Reputation: 649
I've recently started experimenting with the interesting python library Jax, which contains a boosted Numpy as well as Automatic Differentiator. What I wanted to try to create, is a crude "differentiable renderer", by writing a shader and loss function in python, then using Jax's AD to find the gradient. We should then be able to inverse render an image by running gradient descent on this loss gradient. I have made it work fairly well with simple shaders, but I have run into problems when I use boolean expressions. This is the code of my shader, which generates a checkerboard pattern:
import jax.numpy as np
class CheckerShader:
def __init__(self, scale: float, color1: np.ndarray, color2: np.ndarray):
self.color1 = None
self.color2 = None
self.scale = None
self.scale_min = 0
self.scale_max = 20
self.color1 = color1
self.color2 = color2
self.scale = scale * 20
def checker(self, x: float, y: float) -> float:
xi = np.abs(np.floor(x))
yi = np.abs(np.floor(y))
first_col = np.mod(xi, 2) == np.mod(yi, 2)
return first_col
def shade(self, x: float, y: float):
x = x * self.scale
y = y * self.scale
first_col = self.checker(x, y)
if first_col:
return self.color1
else:
return self.color2
And this is my render function, which is the first place that JIT fails:
import jax.numpy as np
import numpy as onp
import jax
def render(scale, c1, c2):
img = onp.zeros((WIDTH, HEIGHT, CHANNELS))

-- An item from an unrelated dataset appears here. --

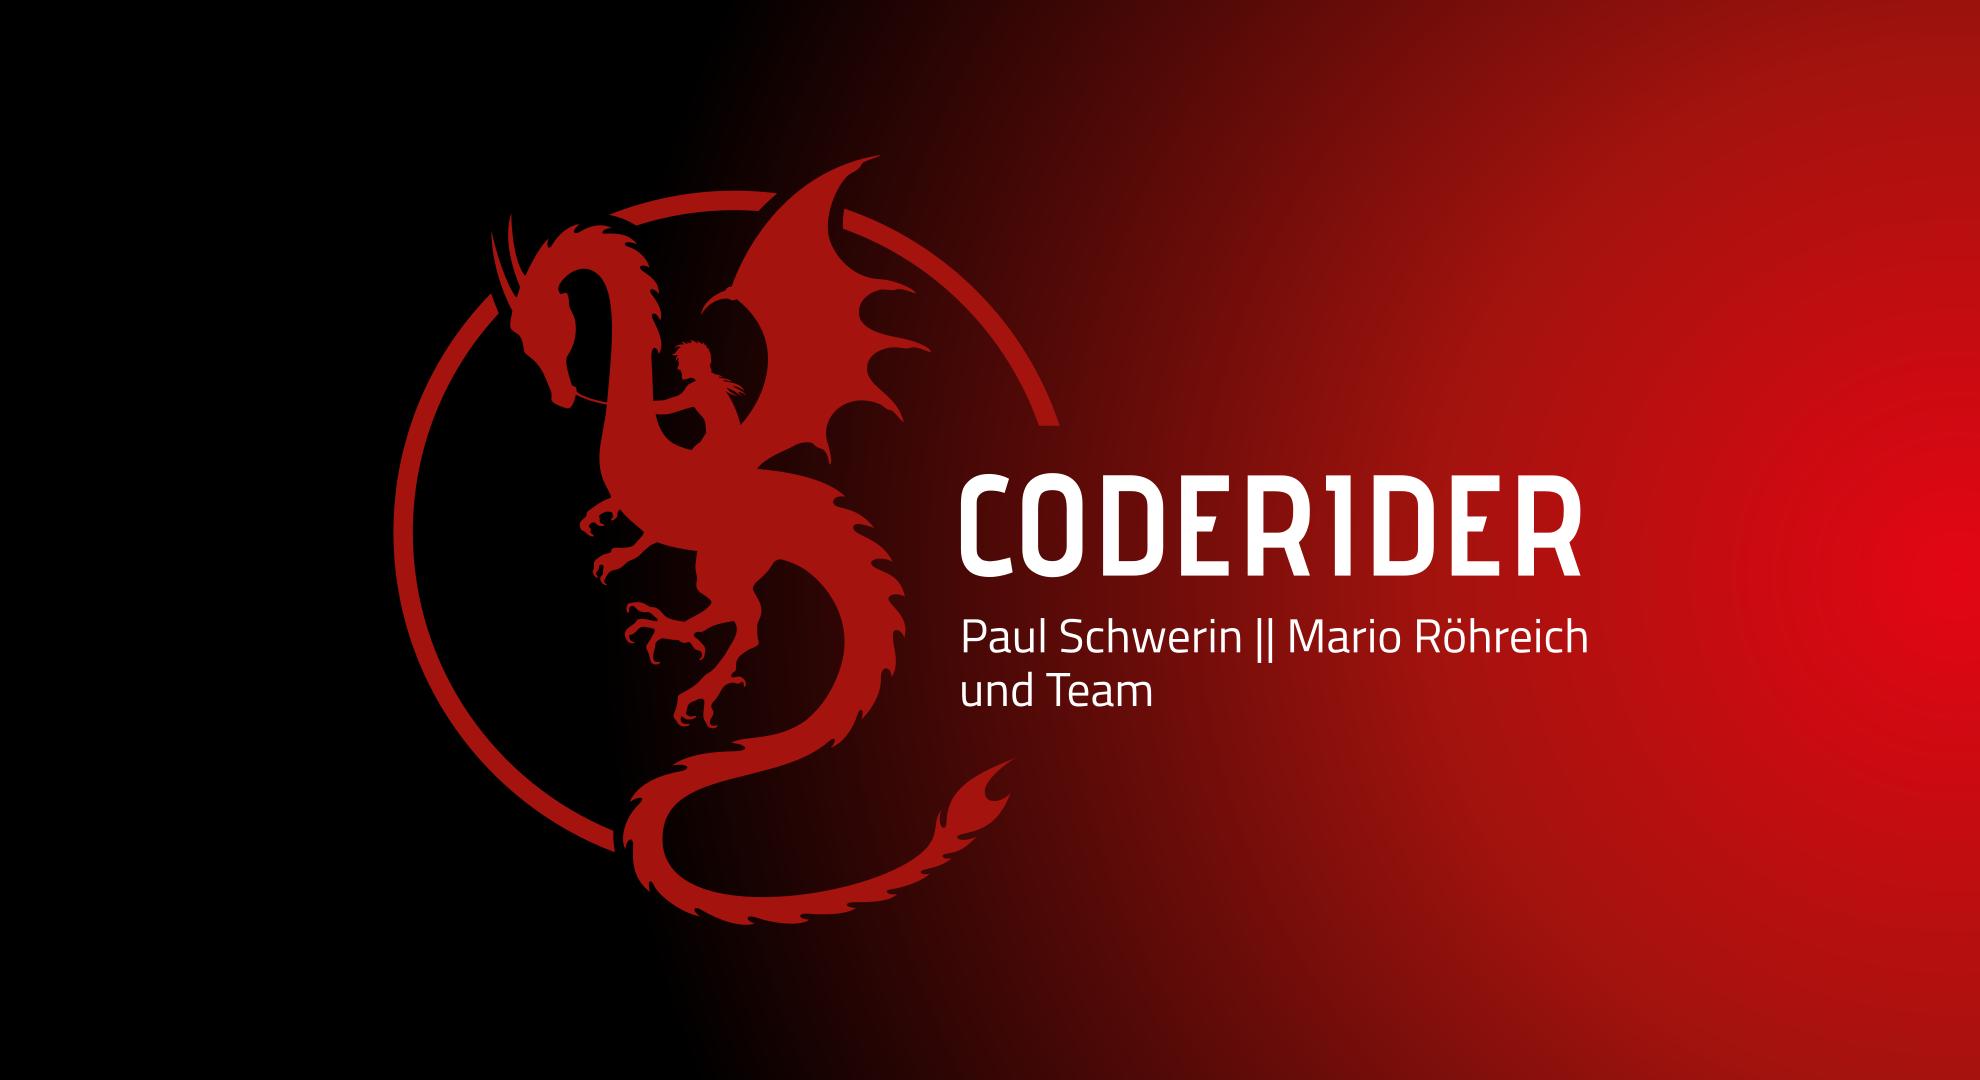 CODERIDER GmbH

sh = CheckerShader(scale, c1, c2)
jit_func = jax.jit(sh.shade)
for y in range(HEIGHT):
for x in range(WIDTH):
val = jit_func(x / WIDTH, y / HEIGHT)
img[y, x, :] = val
return img
The error message I receive is:
TypeError: Abstract value passed to `bool`, which requires a concrete value. The function to be transformed can't be traced at the required level of abstraction. If using `jit`, try using `static_argnums` or applying `jit` to smaller subfunctions instead.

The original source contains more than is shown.